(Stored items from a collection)

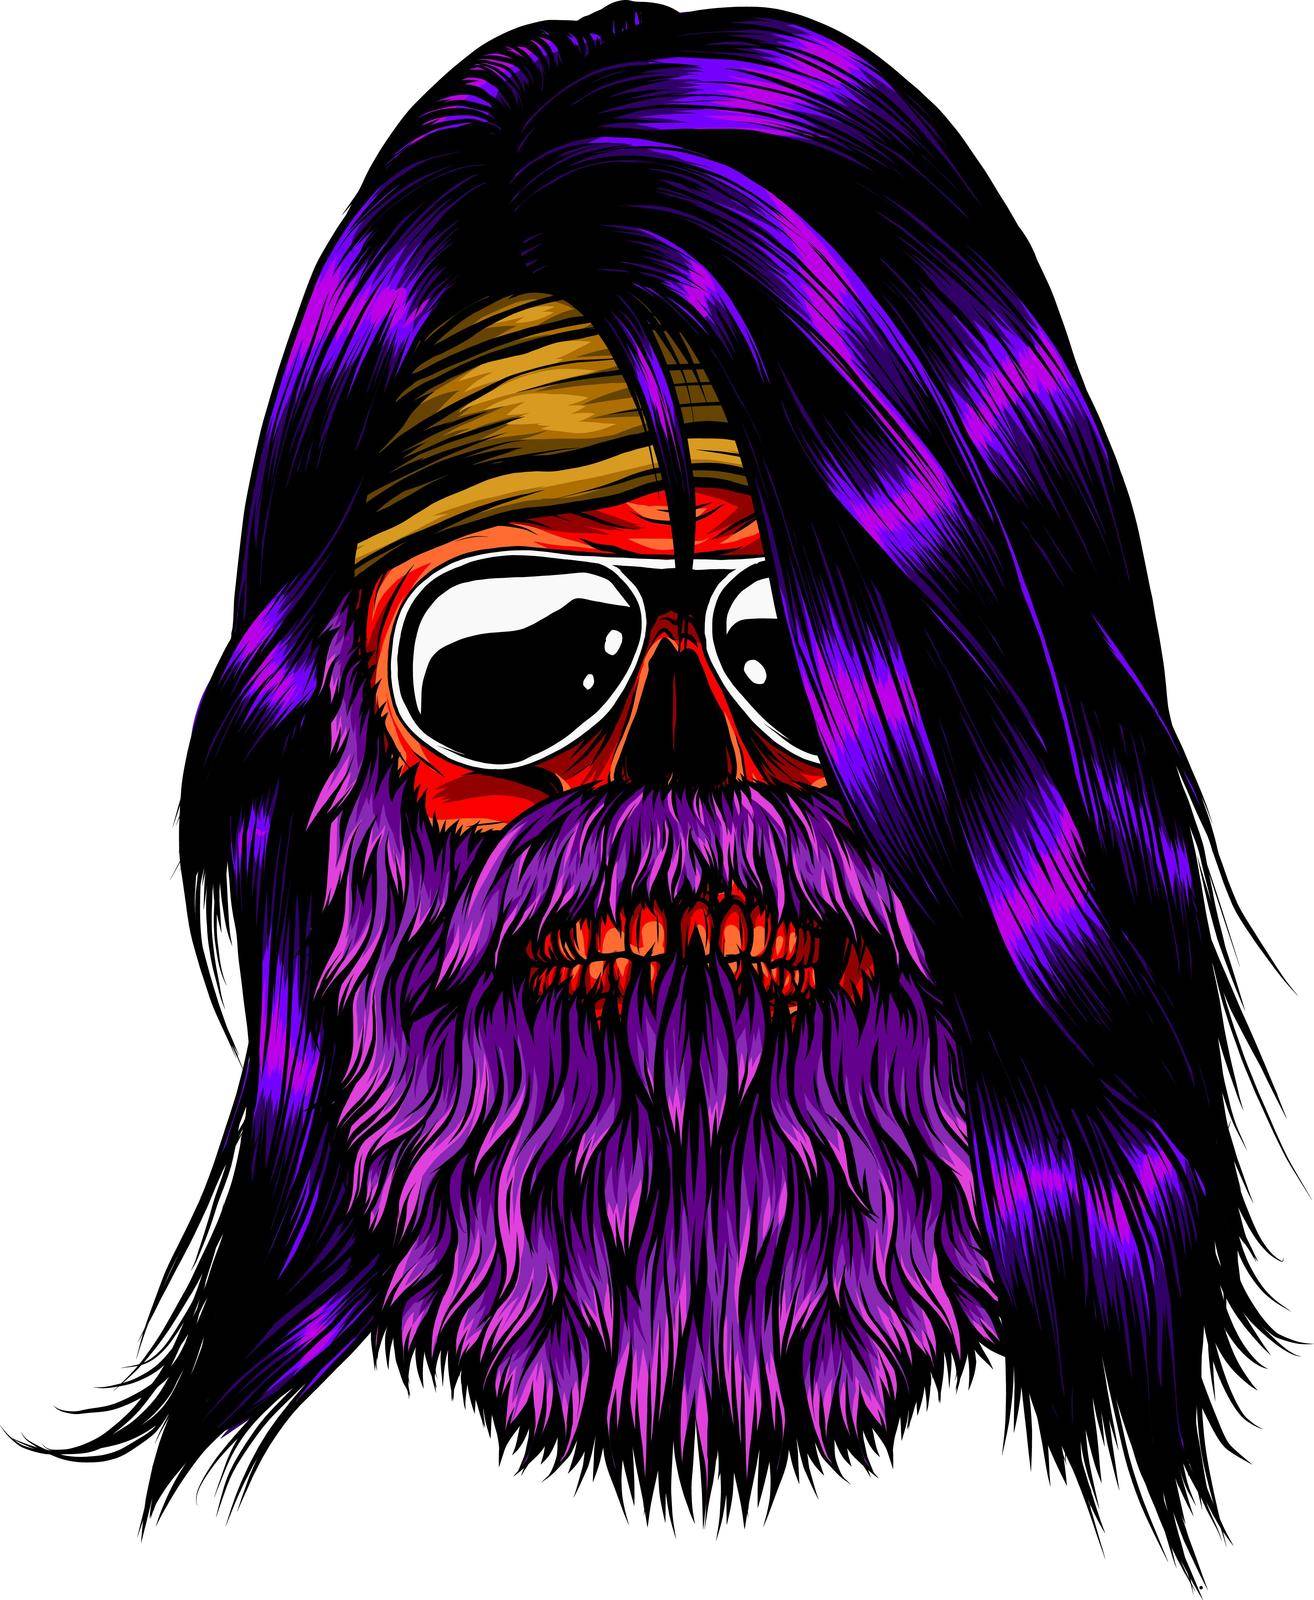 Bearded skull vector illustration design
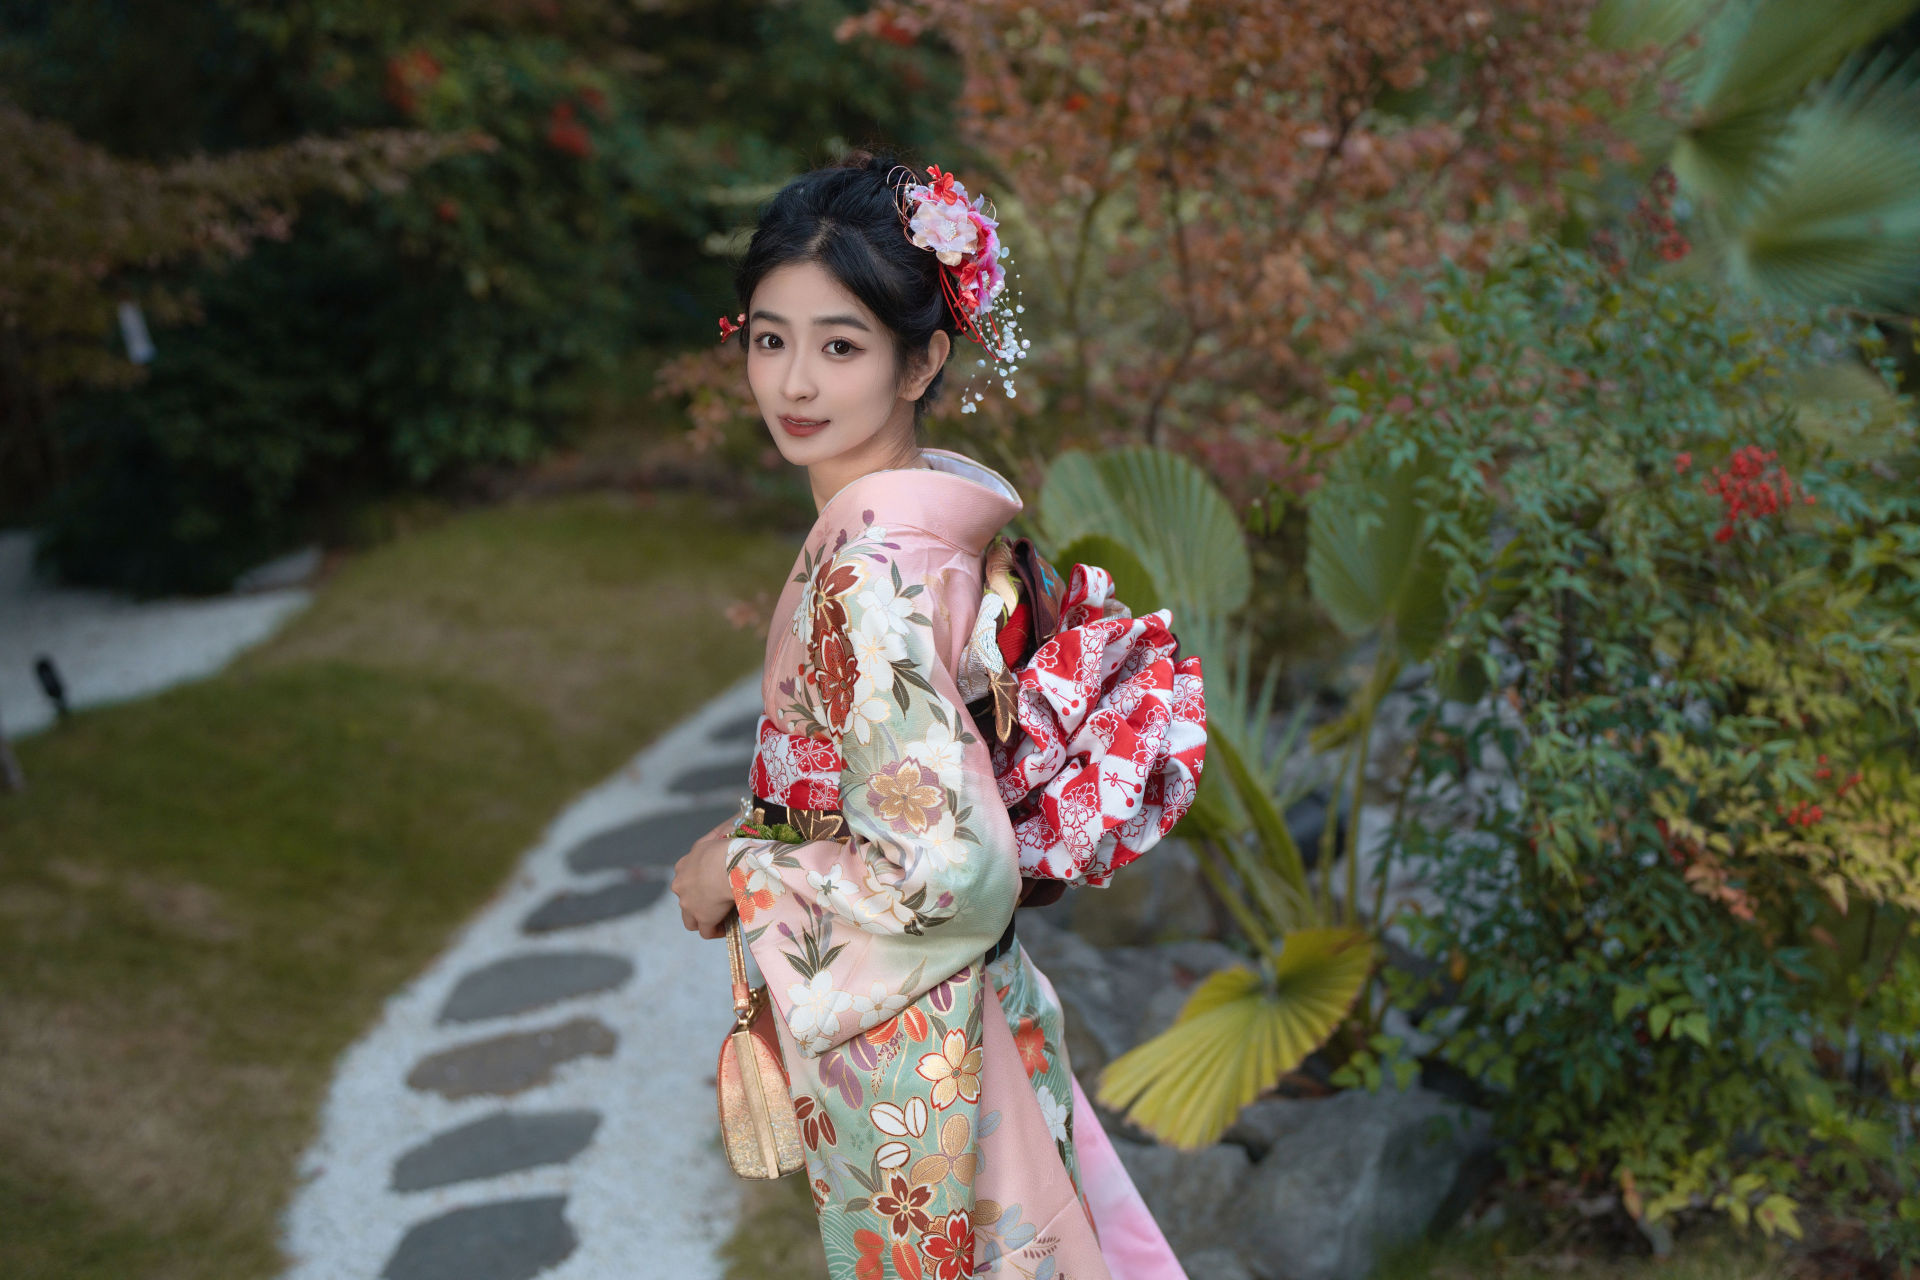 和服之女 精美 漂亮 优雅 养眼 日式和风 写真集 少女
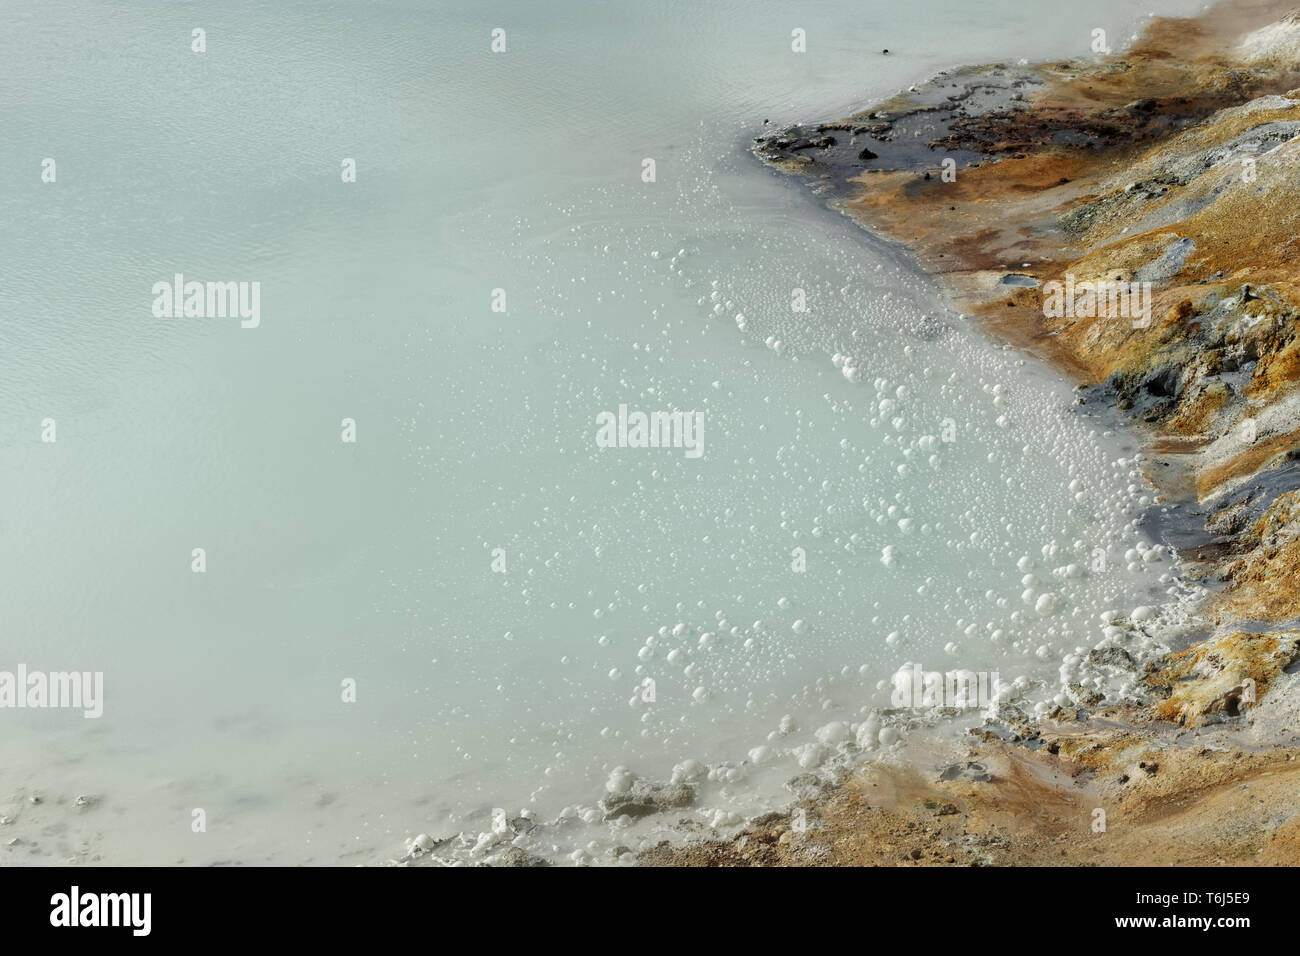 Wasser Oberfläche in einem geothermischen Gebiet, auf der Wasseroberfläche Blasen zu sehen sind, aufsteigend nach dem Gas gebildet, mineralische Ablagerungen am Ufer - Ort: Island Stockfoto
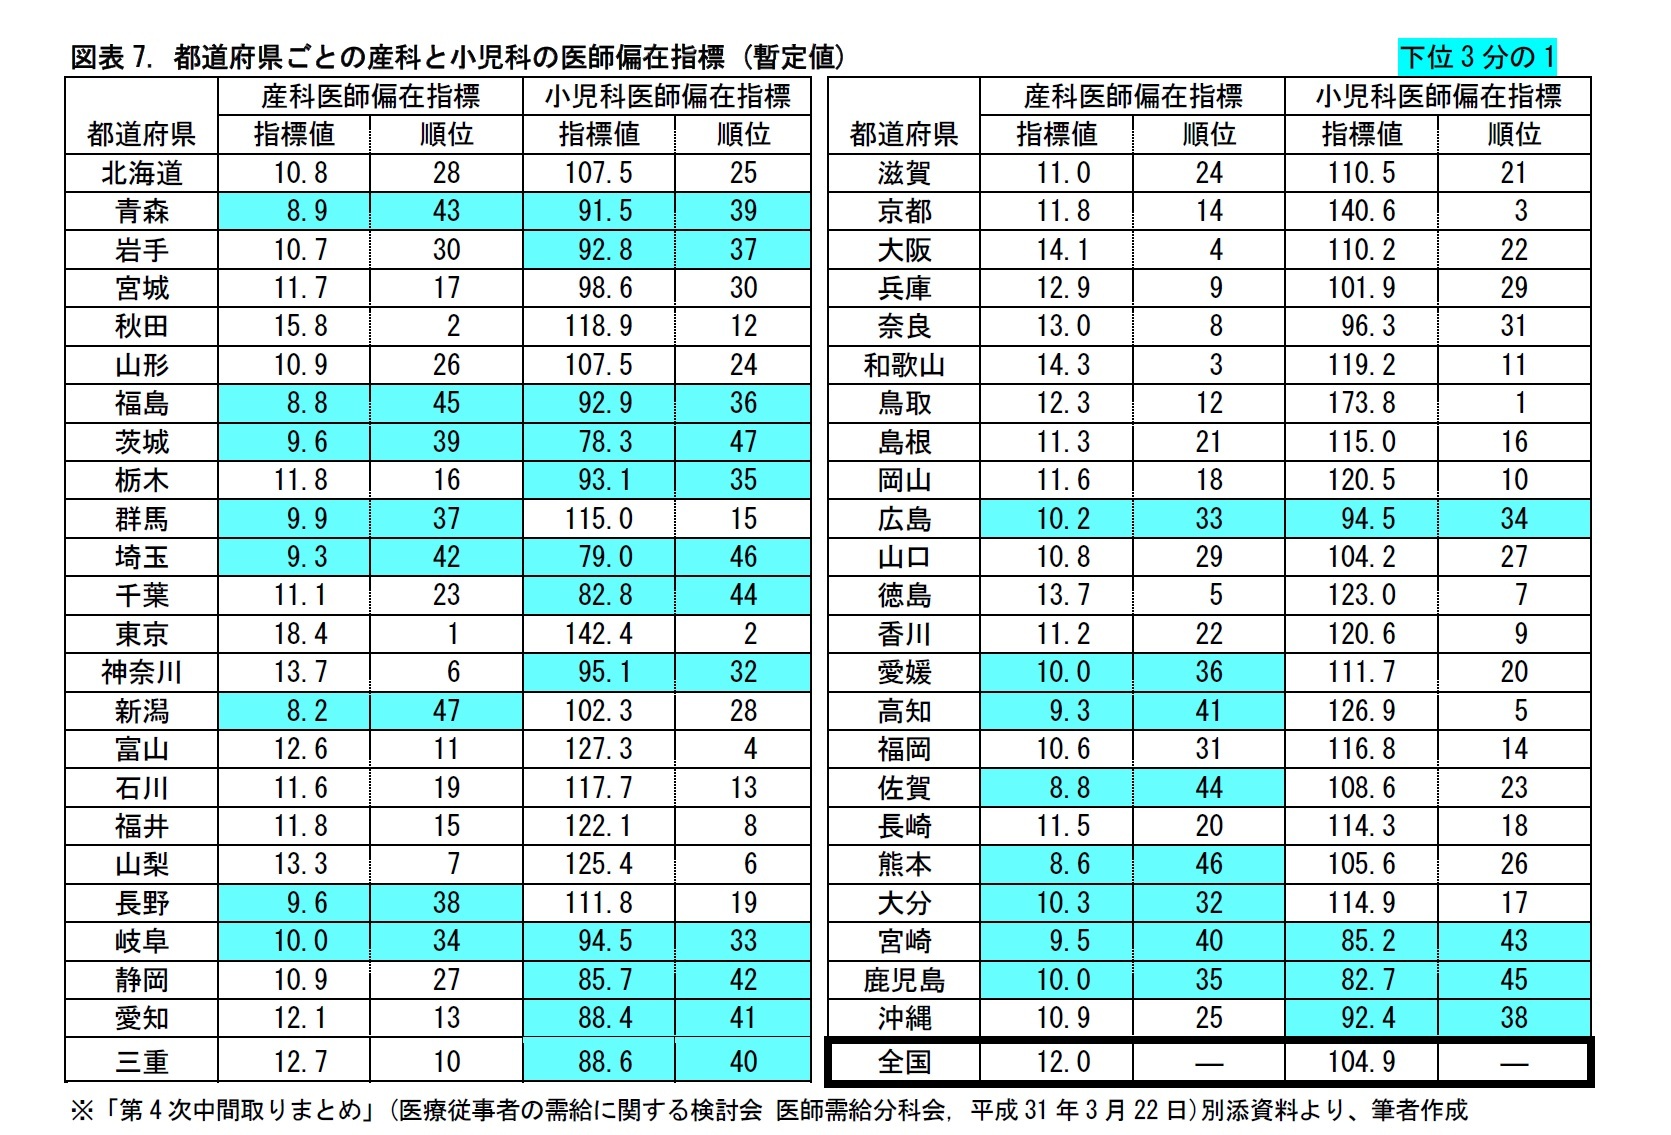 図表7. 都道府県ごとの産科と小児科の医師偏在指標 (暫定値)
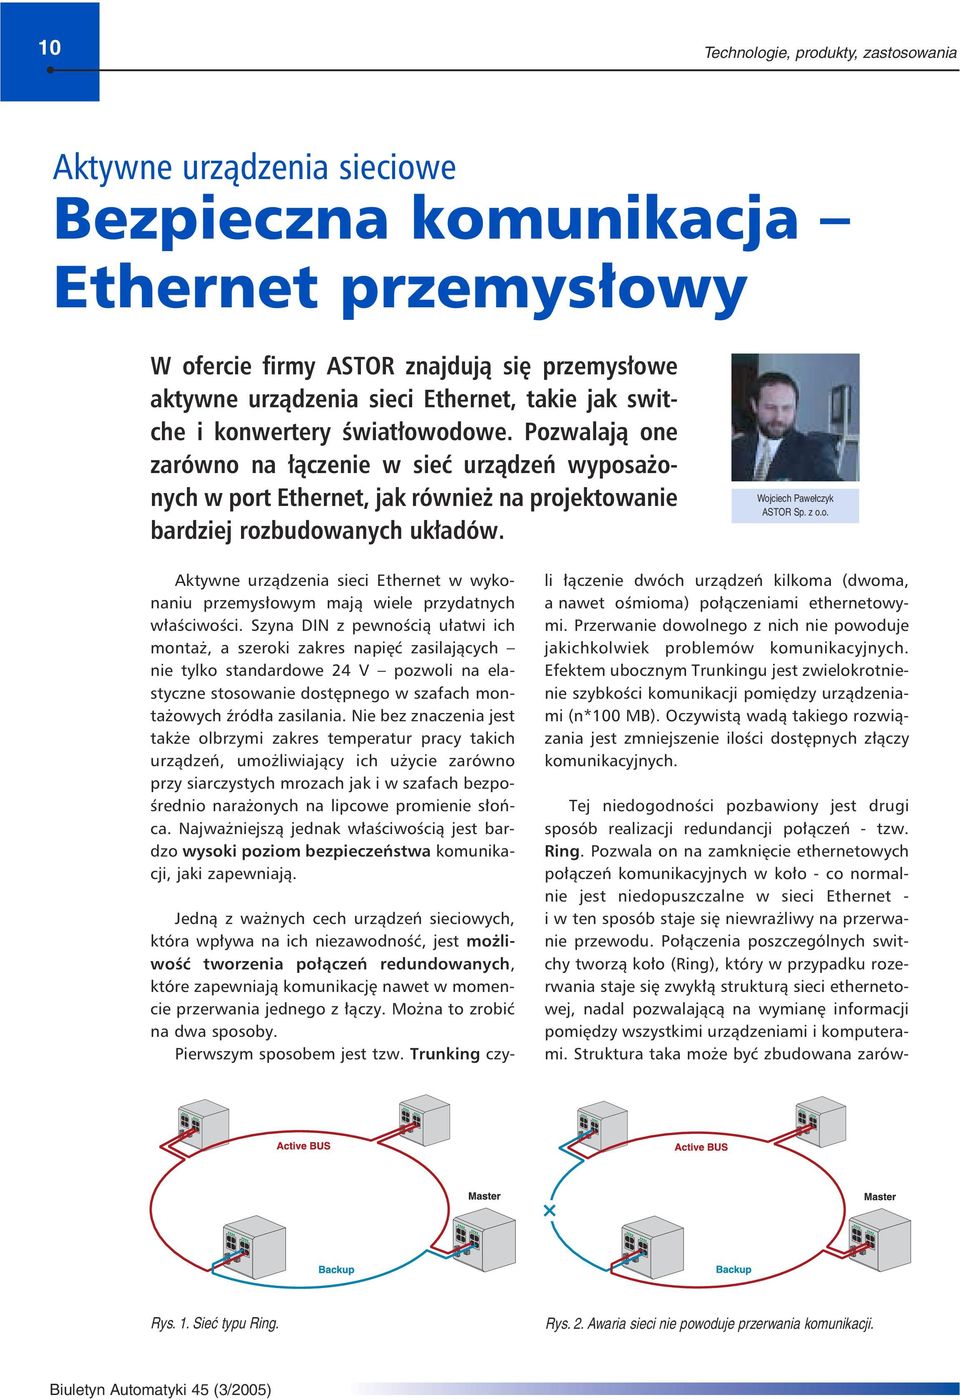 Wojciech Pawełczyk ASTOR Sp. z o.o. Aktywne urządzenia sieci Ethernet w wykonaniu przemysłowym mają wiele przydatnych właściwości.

Work required ::
Start at the line containing "Wasser Oberfläche in" above and stop at the line containing "図表7. 都道府県ごとの産科と小児科の医師偏在指標 (暫定値)". Output those lines exactly, both included, but none of the pictures.

Result ::
 Wasser Oberfläche in einem geothermischen Gebiet, auf der Wasseroberfläche Blasen zu sehen sind, aufsteigend nach dem Gas gebildet, mineralische Ablagerungen am Ufer - Ort: Island Stockfoto
 図表7. 都道府県ごとの産科と小児科の医師偏在指標 (暫定値)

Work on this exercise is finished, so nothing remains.